Это была восхитительная семнадцатилетняя девушка, с тонкой и гибкой талией, с прелестнейшими чертами лица; черные волосы, длинные и шелковистые, выбились из-под сетки, удерживавшей их, и душистыми локонами рассыпались по лицу, легкий румянец указывал на быстрое возвращение к жизни. Костюм этой молодой особы, чрезвычайно богатый, заставил бы догадаться о знатном происхождении, даже если бы печать аристократии, разлитая по всей ее наружности, не уничтожала все сомнения на этот счет.

Мигель с отличавшим его невозмутимым спокойствием, из которого ничто не могло его вывести, остался возле лошади, которая, успокоившись от падения и дрожа всем телом, встала без сопротивления. Мигель снял с нее подпругу, сорвал горсть травы и начал обтирать, восхищенно бормоча:

– Какое благородное и прекрасное животное! Было бы жаль, если бы оно упало в эту ужасную пропасть. Я рад, что оно спаслось!

О молодой девушке достойнейший матрос вовсе не думал; весь его интерес сосредоточился на лошади. Обтерев ее травой, Мигель опять взнуздал ее и отвел к графу.

– Вот, – сказал он с довольным видом, – теперь она усмирилась; ребенок может вести ее на веревке.

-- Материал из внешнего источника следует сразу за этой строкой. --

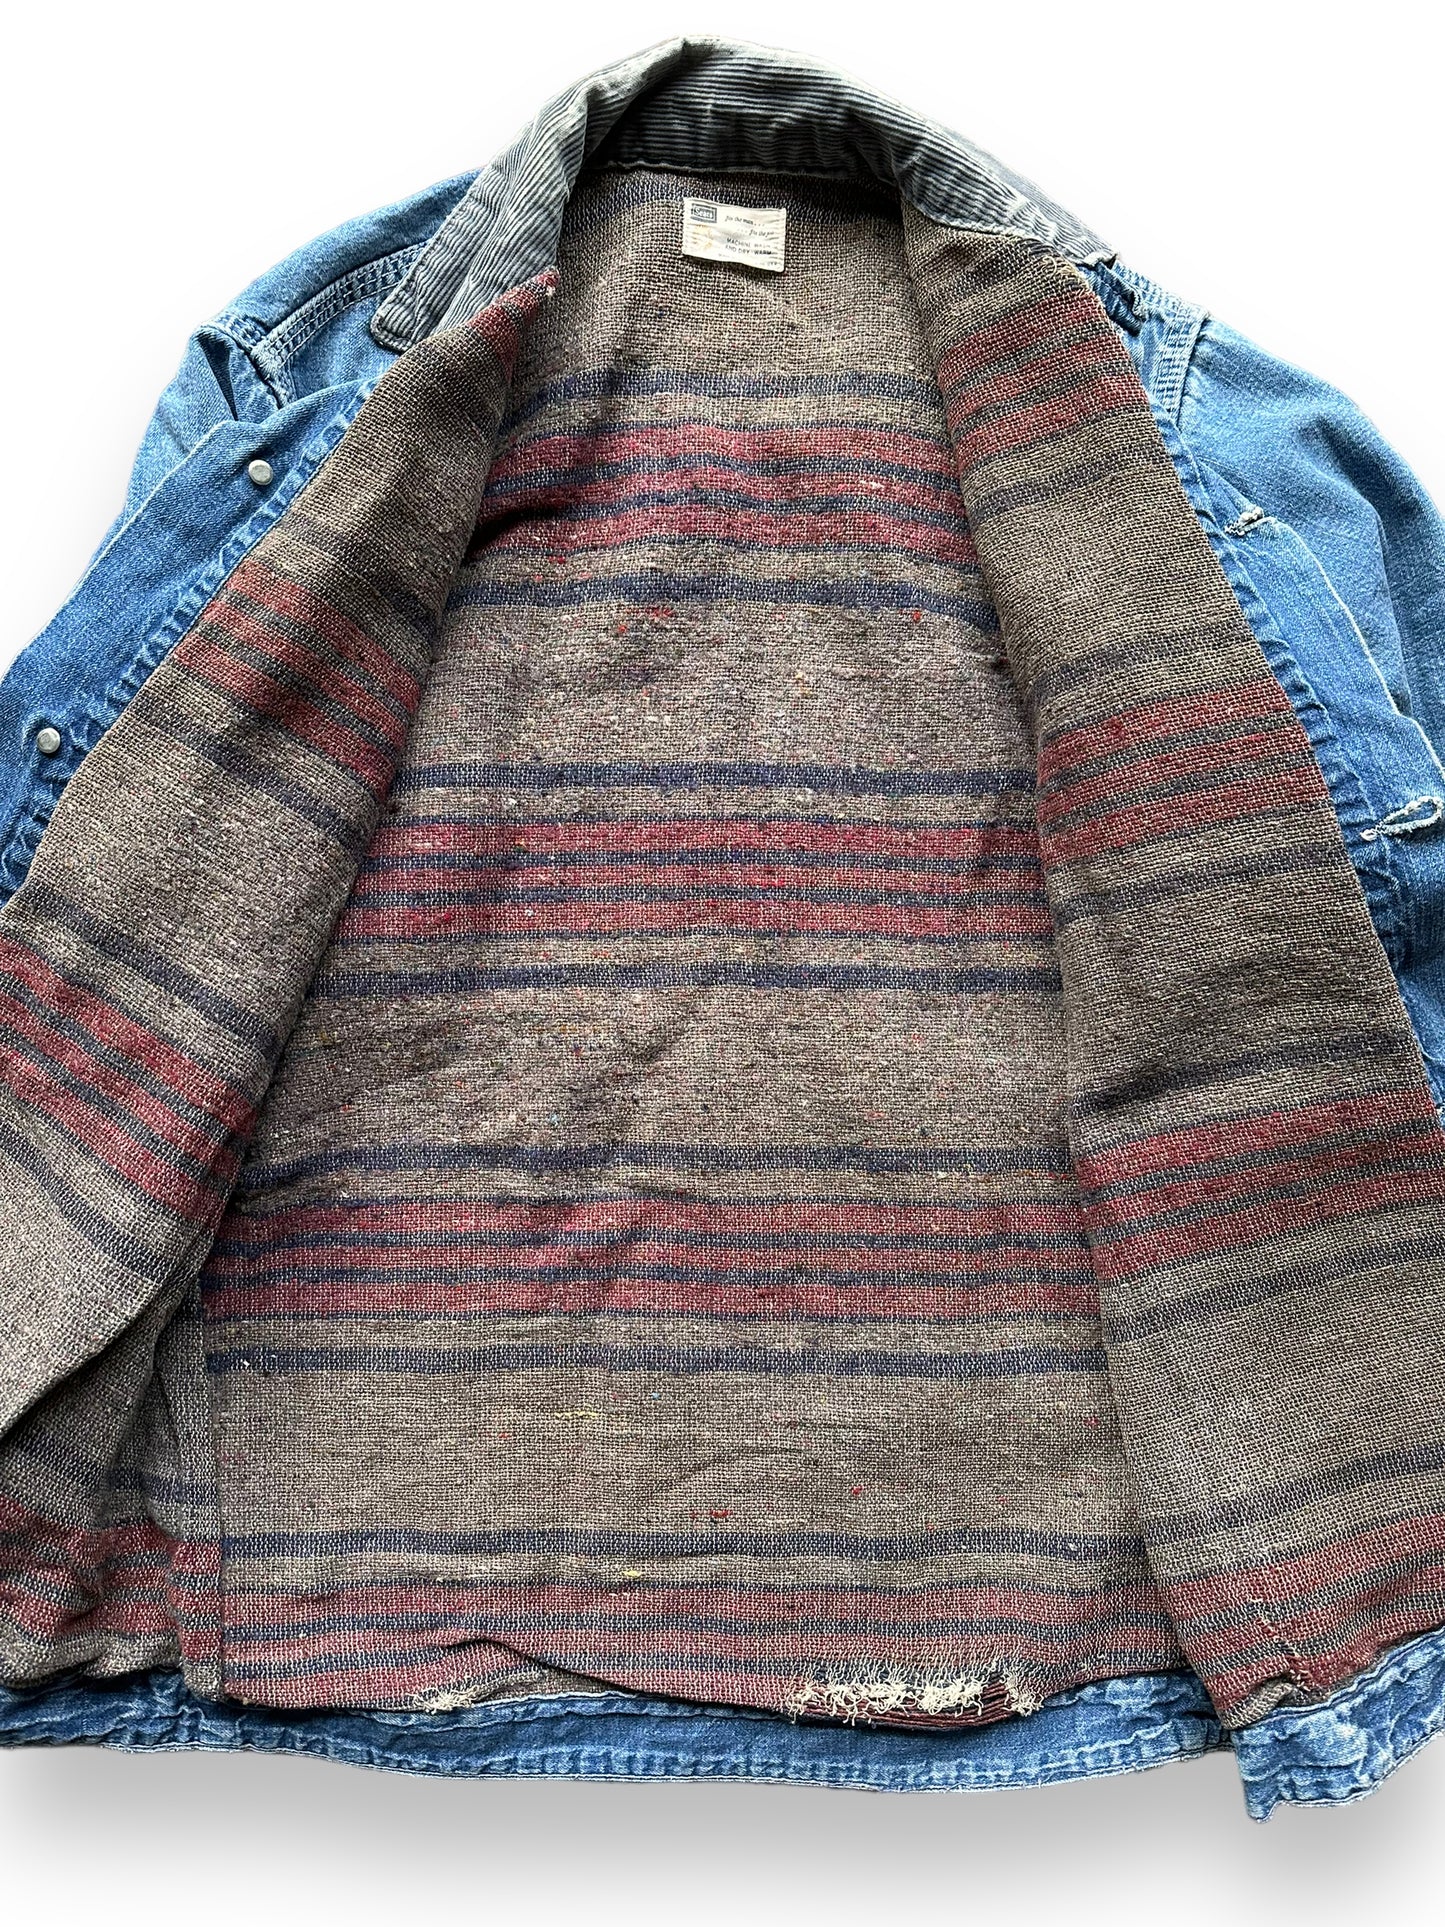 Liner Detail on Vintage Sears Blanket Lined Denim Chore Coat SZ L | Vintage Denim Chore Coat | Barn Owl Vintage Seattle

Между тем всадники быстро приближались и скоро подъехали к французским морякам.

Глава VI

Увлечение

Всадников было четверо. Двое казались важными людьми, двое других были одеты слугами. В нескольких шагах от графа двое первых сошли с лошадей, бросили узду, подошли с шляпами в руках к графу и поклонились ему с изящной вежливостью. Граф отвечал им вежливым поклоном, украдкой рассматривая их. Первый был человек лет шестидесяти, высокого роста, походка его была благородна, лицо казалось красивым с первого взгляда, выражение его было величественным, хотя кротким и даже доброжелательным, но, рассматривая его с большим вниманием, можно было приметить по мрачному огню глаз, которые иногда бросали зловещие молнии, что эта кротость была только маской, чтобы обманывать окружающих; выдающиеся скулы, довольно низкий, хотя и широкий, лоб, нос, загнутый как птичий клюв, и квадратный подбородок показывали холодную злость, смешанную с сильной долей упрямства и гордости.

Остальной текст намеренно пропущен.